The system’s outlying detection system utilizes unsupervised machine learning to present a small set of events to the analyst to review, according to MIT’s research paper, AI2: Training a big data machine to defend. The system then utilizes the analysts feedback with supervised learning techniques to produce a supervised model. AI2 utilizes the supervised model and unsupervised techniques to predict and classify attacks. The system achieves a detection rate of 86.8 percent to include detection of zero-day malware, which is 10 times better than the 7.9 percent encountered by unsupervised systems. This technology reduces false-positives by a factor of five when compared to other unsupervised systems. This results in a hybrid system that overcomes the deficiencies experienced by pure supervised and unsupervised systems. AI2 is more effective than unsupervised systems and reduces the data burden to the analyst experienced in supervised systems, according to MIT’s research paper.
On the other front, researchers from Endgame and the University of Virginia have developed a mechanism to evade detection from machine learning algorithms by adding noise variation to existing malware. This is done by changing section names, creating new and unused sections of code, adding bytes to the end of sections, and modifying the header checksum, to name a few. The methodology, described in Evading Machine Learning Malware Detection, evaded machine learning algorithms by 16 percent during early experimentation. Whether a group’s intent in developing such algorithms is purely educational or malicious, the pursuit of autonomous methods of bypassing security measures is underway. Researchers and developers must strive to design systems able to go head-on with autonomous cyber-attack systems.

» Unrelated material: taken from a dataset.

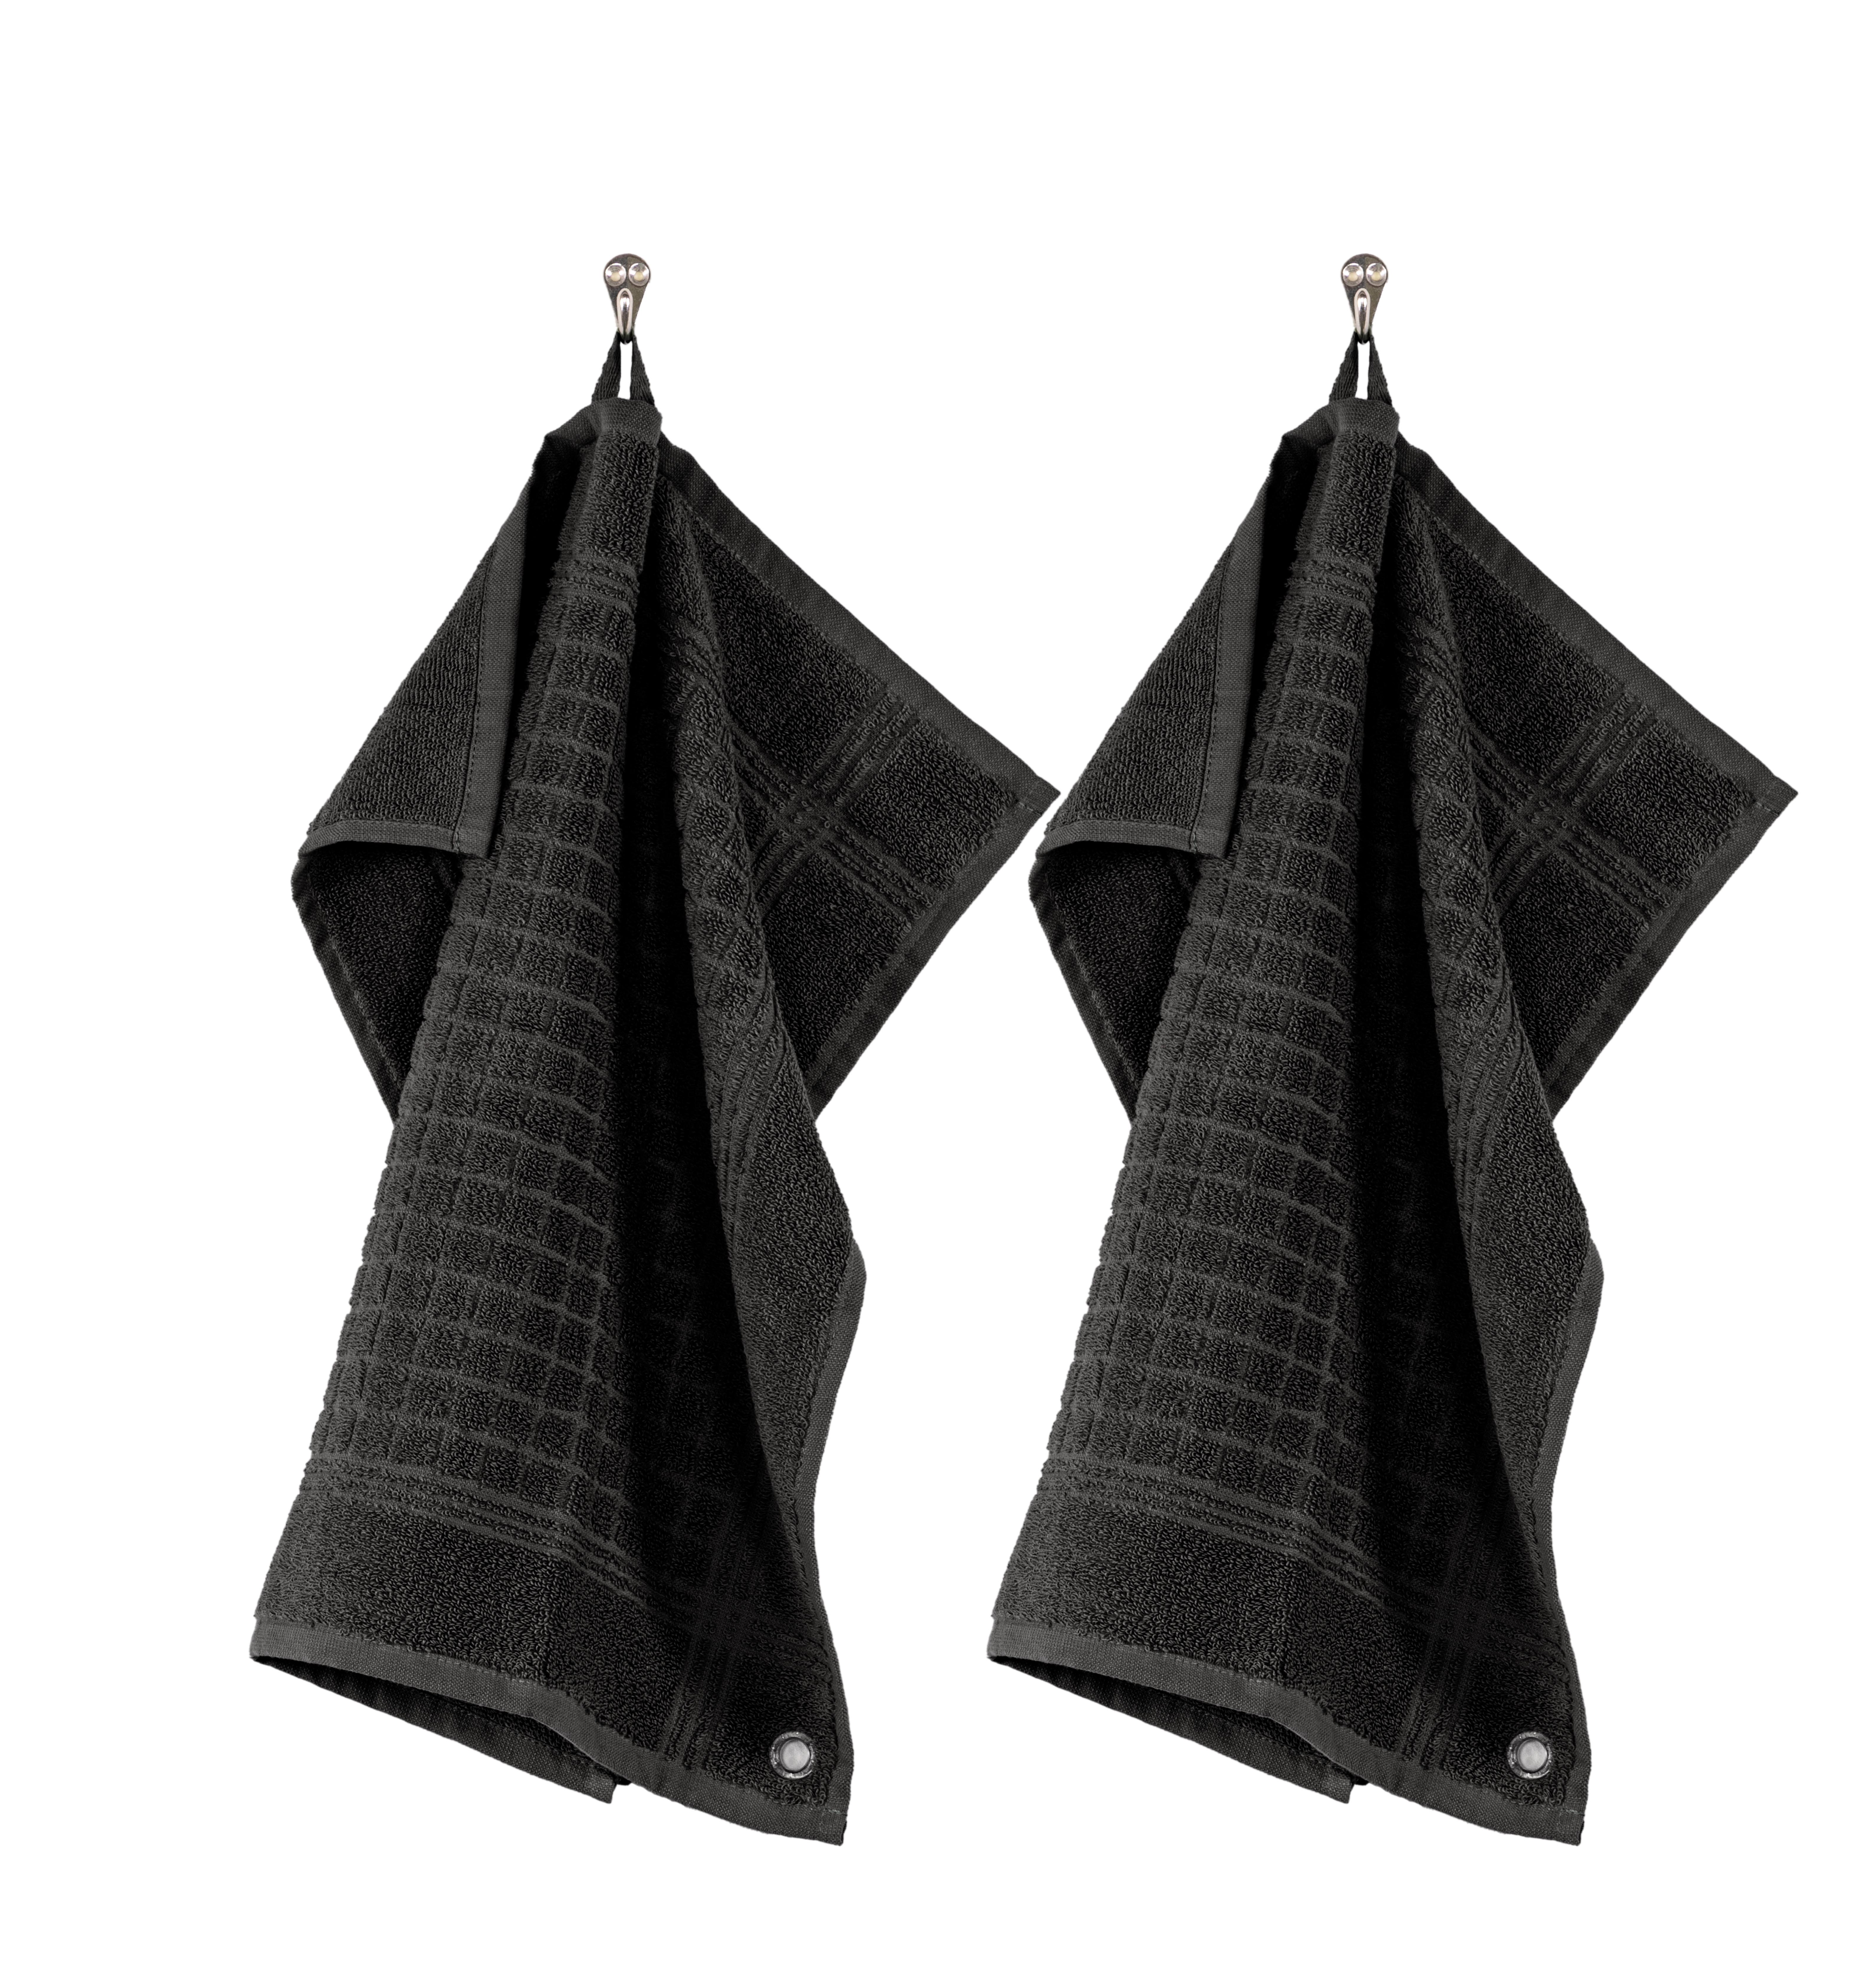 Square terry towel PHARAO 50x50 cm - set/2, black

While artificially intelligent systems are being developed for the benefit of society and the protection of information, there is an arms race emerging with equally intelligent malicious systems. Artificially intelligent cybersecurity measures perform well and provide immediate benefits to an organization’s cyber-defense posture. It is our responsibility as information system professionals to fully pursue the best available defense mechanisms and if artificially intelligent cyber defense systems help accomplish this, we must push for its implementation and further enhancement at the enterprise, organizational and end-point levels.
The views expressed here are solely those of the author, and do not necessarily reflect those of the Department of the Navy, Department of Defense or the United States government.

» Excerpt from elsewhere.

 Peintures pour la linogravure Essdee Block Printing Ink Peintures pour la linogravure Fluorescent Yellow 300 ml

References for further study:
Symantec. (2016). Internet Security Threat Report.
Ponemon Institute LLC. (2016). Sixth Annual Benchmark Study on Privacy & Security of Healthcare Data. Ponemon Institute Research Report.
Harvey, S. & Evans, D. (2016). Defending against cyber espionage: The US Office of Personnel Management Hack as a case study in Information Assurance. Proceedings of the National Conference on Undergraduate Research (NCUR) 2016.
Gootman, S. (2016). OPM Hack: The Most Dangerous Threat to the Federal Government Today. Journal of Applied Security Research, 11:4, 517-525.
Committee on Oversight and Government Reform U.S. House of Representatives (114th Congress). 2016. The OPM Data Breach: How the Government Jeopardized Our National Security for More Than a Generation.
Veeramachaneni, K., Arnaldo, I., Cuesta-Infante, A., Korrapati, V., Bassias, C., & Li, K. (2016). AI2: Training a big data machine to defend .
Anderson, H. S., Kharkaw, A., Filar, B., & Roth, P. (2017). Evading Machine Learning Malware Detection.